For Desvigne-Nickens, it was a “slam dunk.”
“This is unbelievably positive,” Desvigne-Nickens said. “It was almost too good to believe that the drug exceeded expectations.”
So much so, in fact, that the study was stopped early, after about five years per participant. After looking at the data ¾ of the way through the REPRIEVE trial, she explained, an independent safety board had enough data to know that the drug was “very effective”– more so than was expected beforehand.
“This 35% reduction was so compelling that they could stop the trial,” Desvigne-Nickens said. “They knew the answer. They knew this drug was very effective in reducing these adverse cardiac events.”
“That’s typically only done when the results are very robust,” Grinspoon added.
Participants taking pitavastatin also developed diabetes, a known side effect of the statin drugs, at a slightly higher rate: 5% vs. 4% in the control group. Pitavastatin was also equally efficacious at reducing cardiovascular risk for patients with diabetes, Grinspoon noted.
He suspects that many physicians will begin incorporating the findings into their clinical practice. And he’s hopeful that the findings will prompt regulatory bodies to consider incorporating pitavastatin into standard care for people living with HIV.

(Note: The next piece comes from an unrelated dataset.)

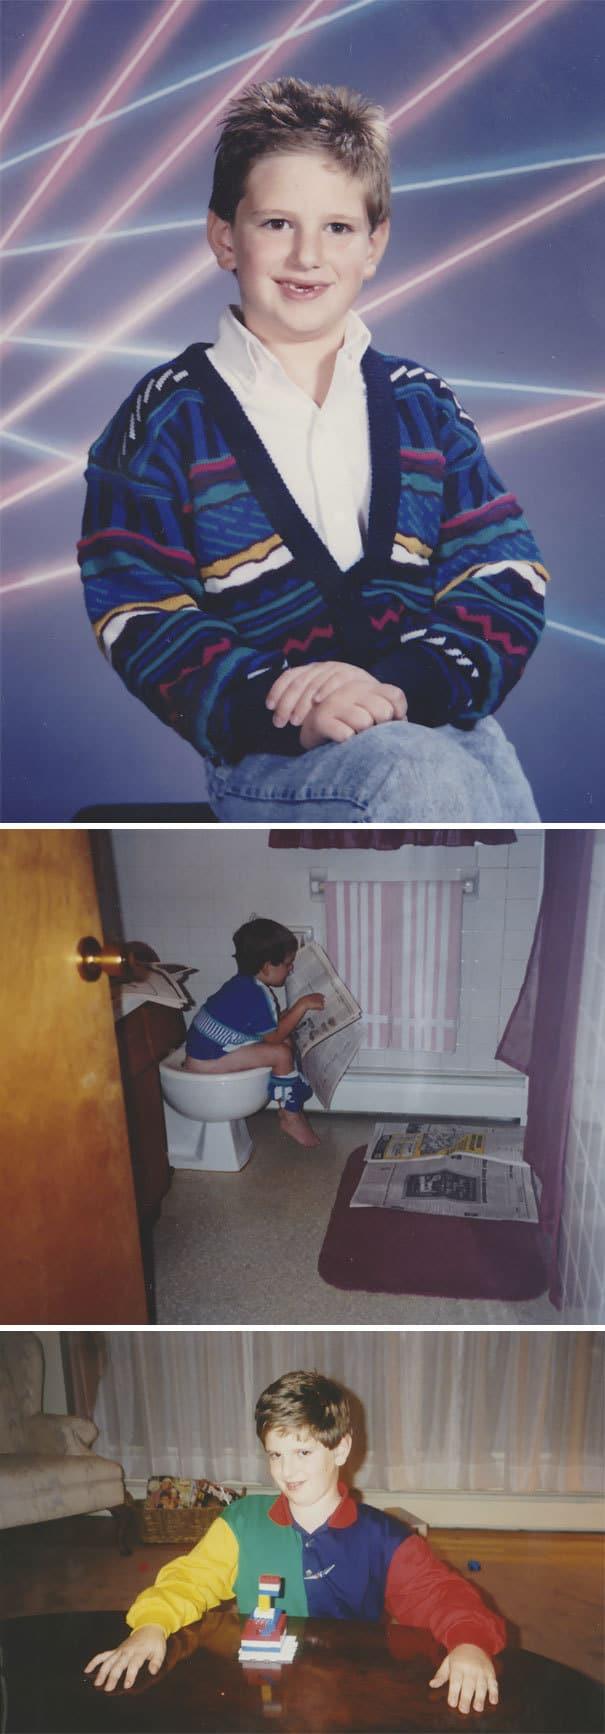 funny-akward-childhood-photos-71-59cb7404633db__605-1 | Интернет-пользователи выкладывают детские фото своих супругов — это безумно смешно!

“It’s extremely generalizable and rigorous in terms of its randomized, placebo-controlled, double-blind design,” he said. “And I think based on the large group it covers, it will be considered important enough to incorporate into guidelines. I think the community will agree that these guidelines will be incorporated.”
The researchers’ optimism stems from the diverse scope of the trial. The study was conducted across twelve countries, including several in sub-Saharan Africa, Asia, South America and the Caribbean, with a high burden of HIV.
Thirty percent of the study’s participants were women, and 65% were not White – a striking comparison, Grinspoon explained, to research that has historically neglected those populations.
“We thought it was important to get even more global and diverse in our trial,” he added. “It’s really a global trial. Now we can say this is a great trial for all these other groups into as well.”
For individuals taking antiretroviral medication, the researchers also hope that pitavastatin doesn’t add too much of a burden. As a daily medication that’s accessible and affordable, it could be an easier addition to the medication routine of someone with HIV, who might already have “complicated drug medical regimens,” according to Desvigne-Nickens.
“We’re showing that the addition of a single pill a day on top of antiretroviral therapy will prevent heart disease,” Grinspoon said. “Now we have evidence for those people who would typically not be recommended anything: that something does work.”